This is really long sorry, but i need help xD
But I would still like to hear any miraculous stories of hard headed overprotective parents letting their teenagers away for a bit.

Heres some background info, I am currently 16 years old, and I love traveling, I cant stay in one place or I start feeling depressed (no lie). This year my parents didnt take me home to visit family in Hungary because we couldnt save money up in time. I was hoping to travel alone during the winter break in exchange and go to England (to visit some friends) and Hungary (to visit family). Now I knew that my chances of being allowed to go where slim to none but I truely wasnt expecting the absolute shut down of NOs they managed to give me (mainly my father).

To give you a clue about how protective they are, I wasn't allowed to go to birthday parties or over to friends houses until I was around 12/13 in fear that I would get raped by sadistic fathers? (i guess that happens a lot?)

So I finally mustered up the courage to ask, and before I could even get a chance to finish my sentence, a 2 day lecture from my father had already begun. Everything from rape to murder to mugging was brought up and covered, he even brought up 2 actual examples. The only thing he really had against me that I couldnt get around was that he kept generalizing everything by saying "you are 16". As if it justified the whole entire arguement, and as if it ment anything.

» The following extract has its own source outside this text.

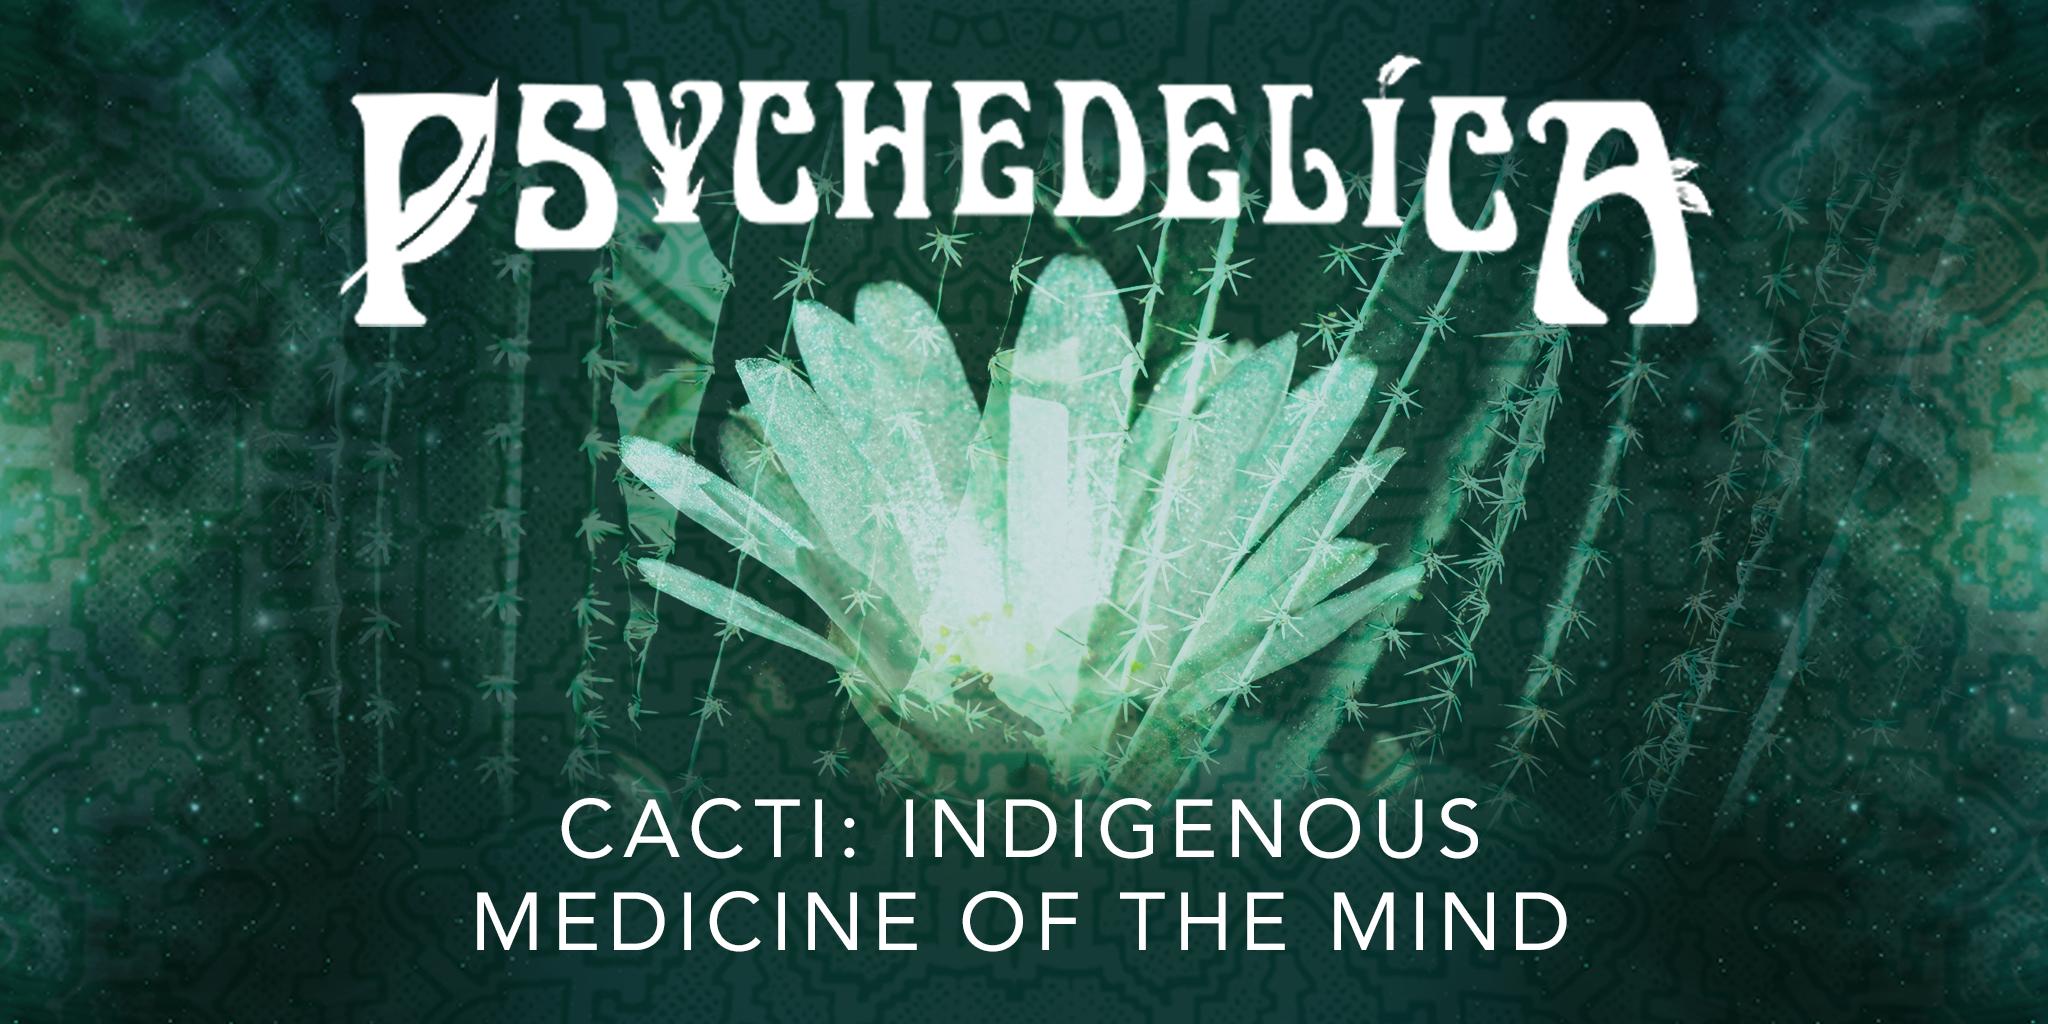 169851_p_e6_cacti_indigenous-medicine-of-the-mind_2048x1024.jpg

I finally gave up because I was so shut down and immediatly forgot any chance of me being independent before turning 18.
But now I want to go to canada for a gathering and to visit my friend. This will be in toronto (i live in the U.S./california). My friend is 22 years old she is a high school teacher and lives in New England (so we would meet in toronto). I would only go for 3 days: the day before the gathering and the day after! I already tried approaching my mom seperately explaining everything and assuring her that it would be safe because toronto is relatively closer and i would be with someone i know. But right away I got "Your 16 you arent going anywhere"

I dont know how to get around this! I have examples and plenty of others who have met and gone to gatherings that are my age, but they always say "we dont care about other irresponsible parents, we only care about what you do".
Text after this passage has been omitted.